Group Technology and Operations (T&O) enables and empowers the bank with an efficient, nimble and resilient infrastructure through a strategic focus on productivity, quality & control, technology, people capability and innovation. In Group T&O, we manage the majority of the Bank's operational processes and inspire to delight our business partners through our multiple banking delivery channels.
About the role The incumbent will be responsible for delivery and implementation of the Bank's cybersecurity risk management and compliance program and ensure that the Bank is in compliant with the relevant cybersecurity regulation and risks pertaining to the Bank's technology and information assets are identified. The candidate is required to work with the key stakeholders to implement practices that meet the Bank's policies and standards for cybersecurity risk management and compliance and ensure that the identified risks and gaps are adequately addressed and remediated. The candidate is also responsible for providing oversight and governance over cybersecurity related activities and update management on the metrics and compliance posture of the cybersecurity environment.
The incumbent will support the security governance and compliance activities in the Bank. This includes:
working with key stakeholders and counterparts within the Bank to ensure the compliance to key cyber and information security legislations and regulations,
engage senior management on the key cybersecurity initiatives, risk metrics and regulatory matters, and
support the regional information security services teams to engage their location senior management teams on the Group initiatives and risk metrics.
Legislation, regulations and policies
Take ownership of cybersecurity program including cyber security policies, regulatory audits, compliance management, metrics, risk and performance indicators, senior management reporting
Track and monitor new security regulatory guidelines, and assess the compliance of and impact to the Bank's security policy architecture, and develop, review and update information security policies and standards to comply with the regulatory requirements as required
Work with regional information security services teams in the core markets to monitor new cybersecurity legislation and/ or regulation, and assess the impact to and the compliance of the Bank's security policy architecture
Develop, review and update information security policies and standards to meet the compliance and regulatory requirements, and
Where necessary, work with Line of Business Technology units to drive a change program to comply with the regulatory guidelines.
Develop a set of security metrics and visualization for the reporting of cybersecurity risk landscape to senior management and the Board
Where possible, automate the extraction, transformation and loading of raw security events to generate the security metrics and graphs for the reporting
Establish a framework to organize, manage and archive the security data used for the generation of security metrics and visualization
Generate quarterly reports and insights to apprise senior management of the security trends and areas of concern
Security risk and compliance
Responsible and development of security risk management using continuous self-assessments and executive reporting
Provide leadership and engage with lines of business to perform security assessments and ensure timely execution of projects and program while mitigating any security risks
Continuously evaluate cybersecurity controls to ensure effectiveness, compliance and adherence to key controls and policies and drive its remediation efforts
Engage Line of Business Technology units to conduct annual cybersecurity risk assessment for key bank systems as required under the prevailing regulations
Engage external auditors to conduct cybersecurity audit for key bank systems as required
Assess the security deviations and risk acceptance raised by Business Units/ Support Units
Liaise with the auditors and the information security services teams for cybersecurity related audits.
Information security professional with 8 or more years of experience, with a background in a financial or technology environment.
Experience in implementing a program the collation, management and reporting of security metrics such as open security vulnerabilities, penetration testing findings, security alerts and incidents, etc.

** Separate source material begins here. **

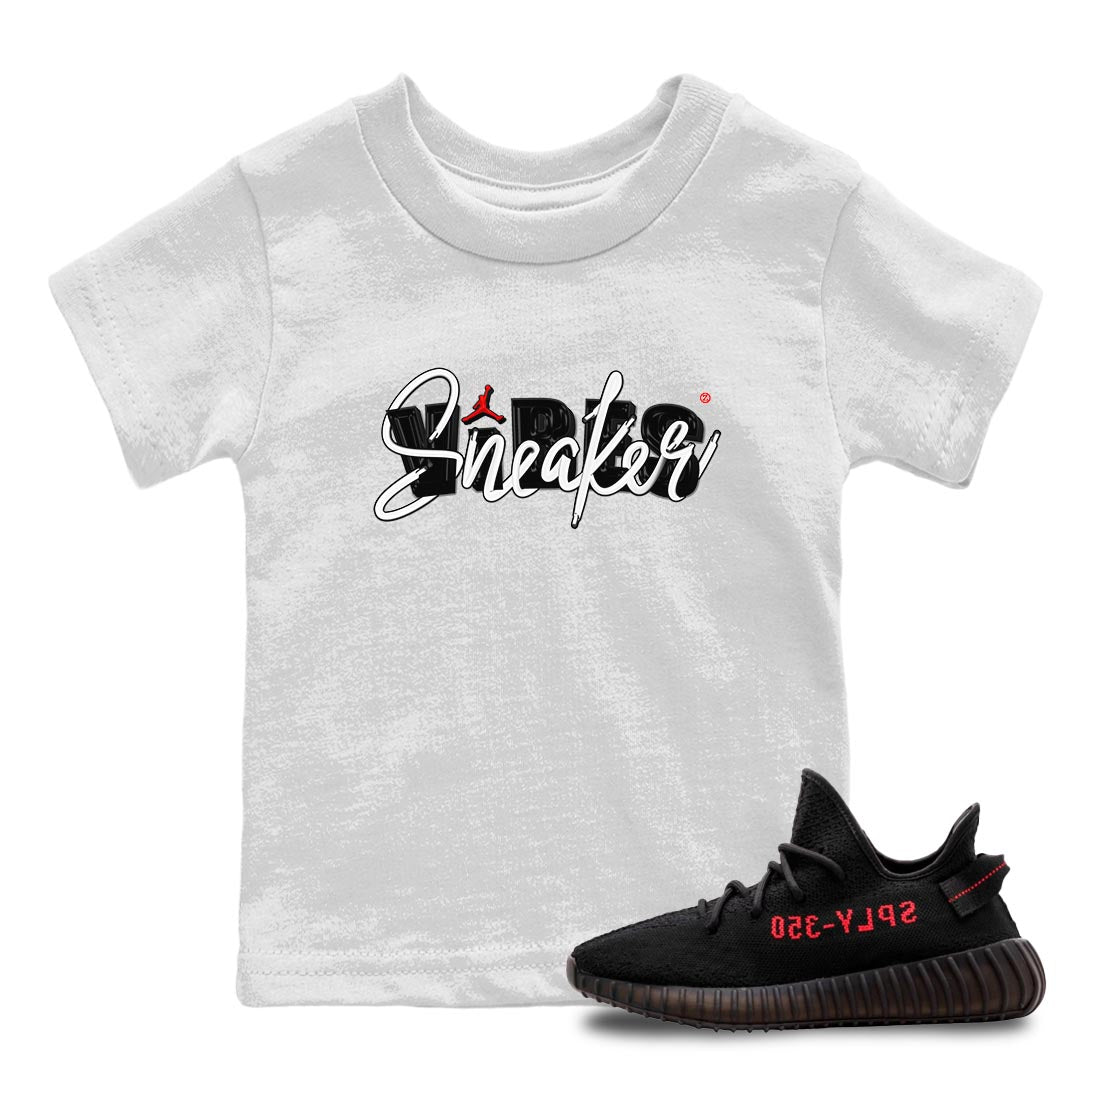 Yeezy 350 Bred shirt to match jordans Sneaker Vibes Streetwear Sneaker Shirt Yeezy Boost 350 V2 Bred Drip Gear Zone Sneaker Matching Clothing Baby Toddler White 1 T-Shirt

Experienced in information security framework including ISO27000, NIST800-53 and regulations such as Cybersecurity Act, Technology Risk Management Guidelines and Personal Data Protection Act.
Good working knowledge of enterprise security risk management methods and techniques to successfully deliver the security risk management and assessment outcome.
Strong background on security technology solutions including IDS, IPS, anti-virus, content filtering, secure email solutions, network sniffing, log analysis, forensics and VPN
Hands-on technical experience in the management of security data for the generation of security metrics and visualization
Good verbal and written communication for the generation of security awareness content
Proactive, analytical and independent worker with strong organization skills and performance-oriented, demonstrate effectiveness to track and follow up on the assigned projects
Regional experience is a plus and the ability to travel on need-to basis
We offer a competitive salary and benefits package and the professional advantages of a dynamic environment that supports your development and recognises your achievements.